手に体を持ってかれるとは、相当足にきていそう。
「昼からずっと走ってただなんて……ごめんね。黙って勝手にあんな時間かかる所まで行っちゃって」
「いいの。全然いい。俺、叶に隠し事してんのもしんどかったから。今すっげー申し訳ないの半分、ホッとしたの半分」
「そっか……そうだよね。今までよくがんばって隠してたね」
「そこ褒められると変な感じ……単に言えなかっただけだよ。ただのメンタルクソザコ」
言えなかった……この短気で煽り耐性ゼロな人が言えなかったんだ。チャラいようで、真面目な人。
統基が眠ってる間に自転車は取りにくればいいか。鍵だけかけて、統基がフラフラしないように両腕で体を固定する。歩きにくいけどしょうがない。

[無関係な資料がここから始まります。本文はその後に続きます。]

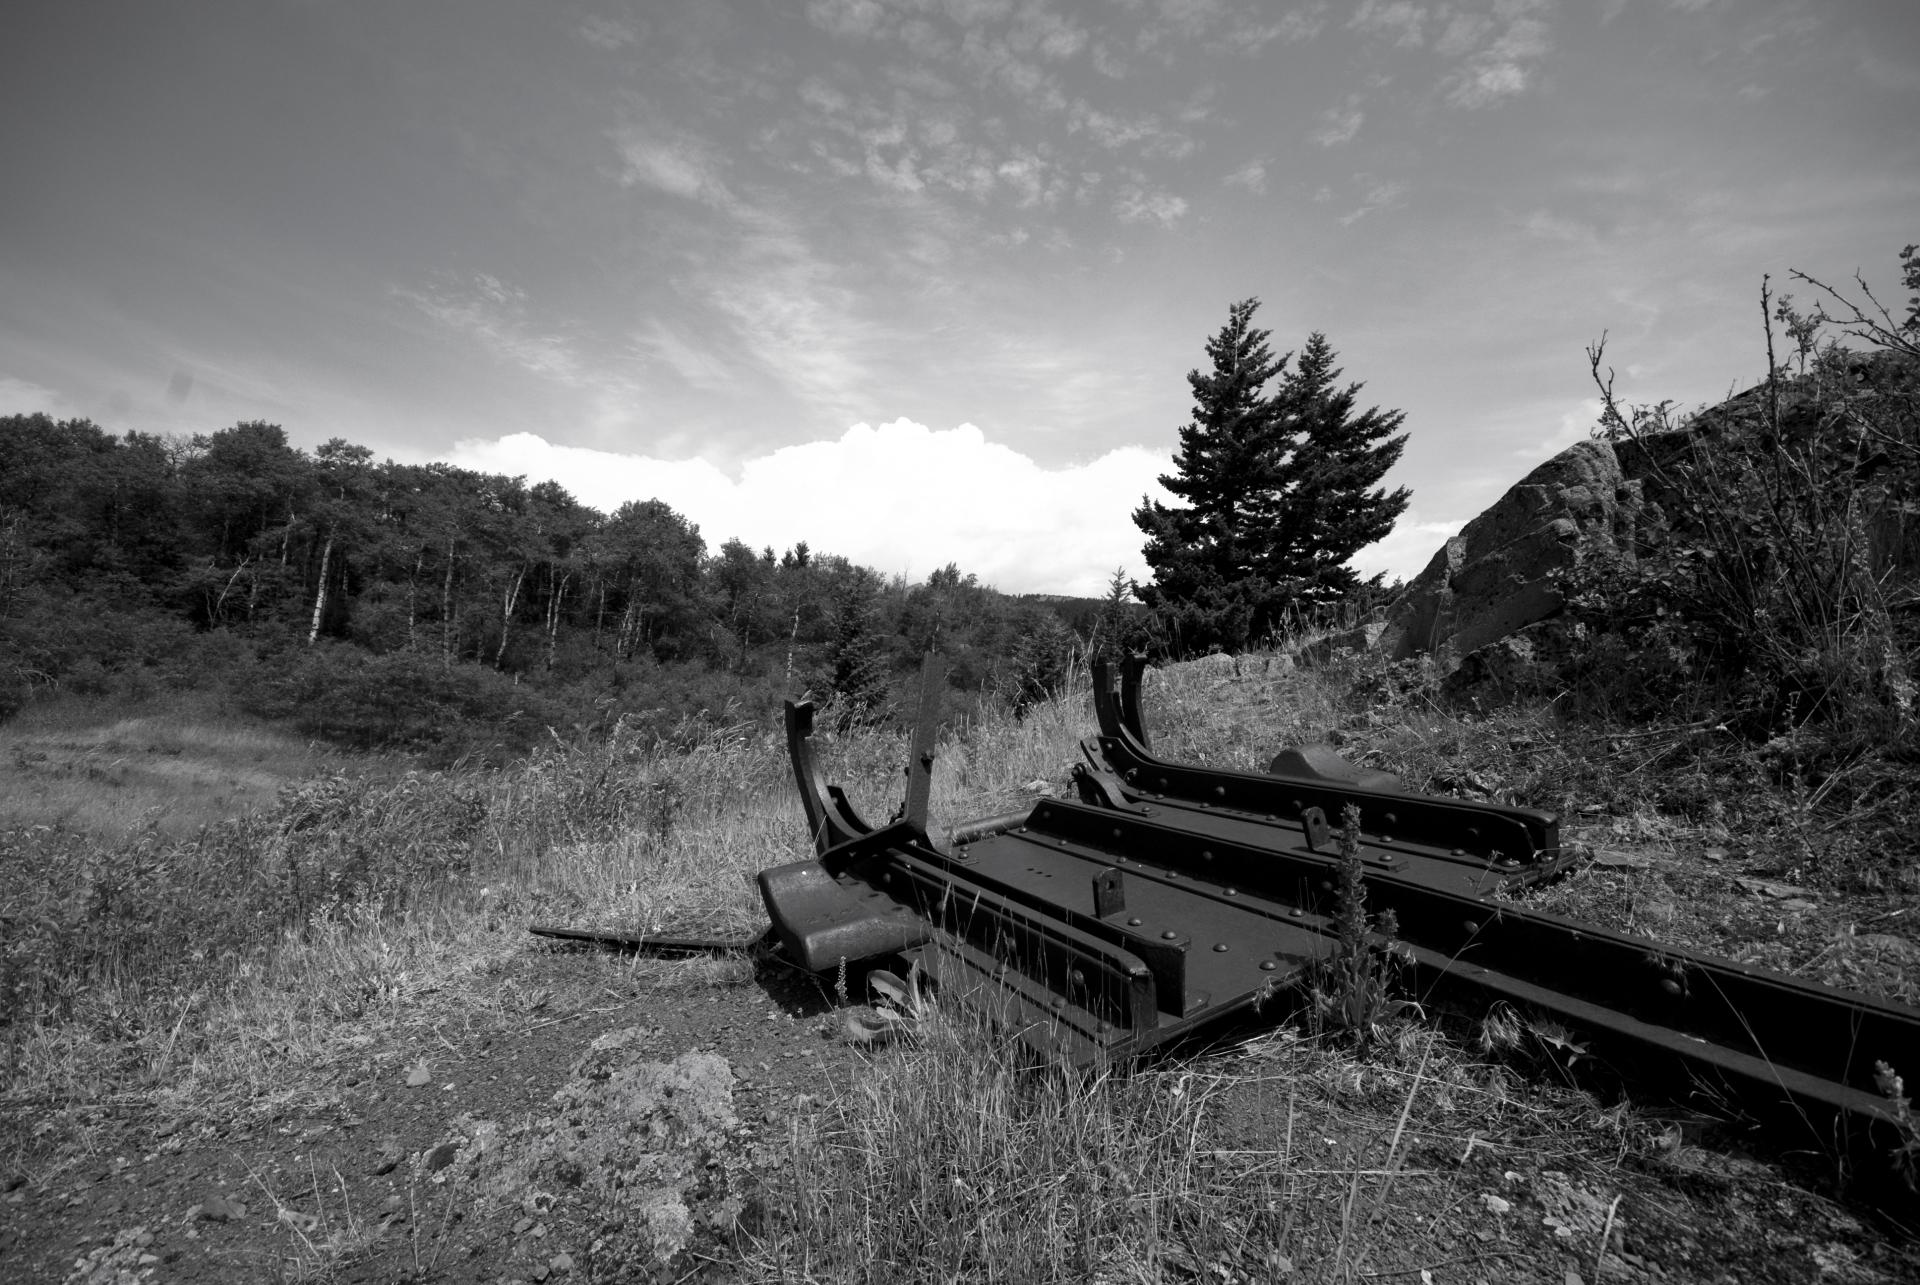 Desolate Memories of an Industry

私の部屋に入ってまず統基をベッドに座らせ、私は床に。
「やだ」
「え?」
ベッドから立ち上がった統基が私の足の上に頭を置いてゴロンと横になり、おなかに顔をうずめるようにギュッと両腕を背中に回す。
やだって……かわいいー……。
統基がこんな子供みたいに甘えるなんて珍しい。
びっくりして固まっている間に、統基はもうスーッと眠りに落ちたみたい。
スースーと寝息を立てる統基が愛おしくて、柔らかい髪をなでながら幸せが満ちてくる。
昼からずっと走り回っていたなんて、統基って本当にまんまミニチュア・ピンシャーね。
ミニチュア・ピンシャーは小型犬でありながら大型犬と並ぶくらいの体力を持つ。スタミナがないって統基はよく言ってるけど、いざとなれば何時間でも走れるんだ。
ごめんね、私のせいでこんなに疲れさせて……でも、私のためにここまでするなんて、ちょっと嬉しい。
あ……あれ? あざが消えてる。
閉じられた統基の目から、うっすらと紫色のあざがなくなっている。
どっちの目にあざがあったんだったっけ? 完全になくなってて分からない。
「ママ……」
統基の分厚い唇が小さく動いた。
ママ?
今のお母さんのことは花恋ママって呼んでるから、統基を産んだお母さんのことかしら。
統基という名前に、家族を統べる強さと人としての基本である優しさを忘れないでって願いを込めたお母さん……よし。
私ならできる、私ならできる、私ならできる。
「統基、お疲れ様。がんばって走ったね。名前の通り、強くて優しい男になってくれて嬉しいわ」
いい感じになりきってきた。私は統基のお母さん。
「ママの願いを叶えてくれて、ありがとう」
統基の髪をなでながら、心穏やかに伝える。きっと、お母さんもそう思ってる。
統基の目から水が1本だけ、スーッて落ちて行って、一瞬それが何か分からなかった。
目から出る水なんて、涙しかないのに。
統基が泣くなんて、信じられない……。
でも、そうだ。統基だって突き詰めれば人間。
たった5歳でお母さんが亡くなってしまって、誰にも甘えられずにあざは消え大人になった。
どうして気付けなかったんだろう。寂しくないはずないのに。
統基にだって、小さい統基のように幼い時期が実際にあったんだもの。
強がってても、本音は寂しかったんだ。
お母さんが名前に込めた強さって、きっとこういう強さ。
弱音を吐かず、人に甘えず、自分に厳しく、強くあろうとする心。
「大好きだよ、統基」
統基が起きたら抱きしめたい。
本当に、がんばったね。偉かったね。
でもね。
私はお母さんじゃないから、甘えていいんだよ。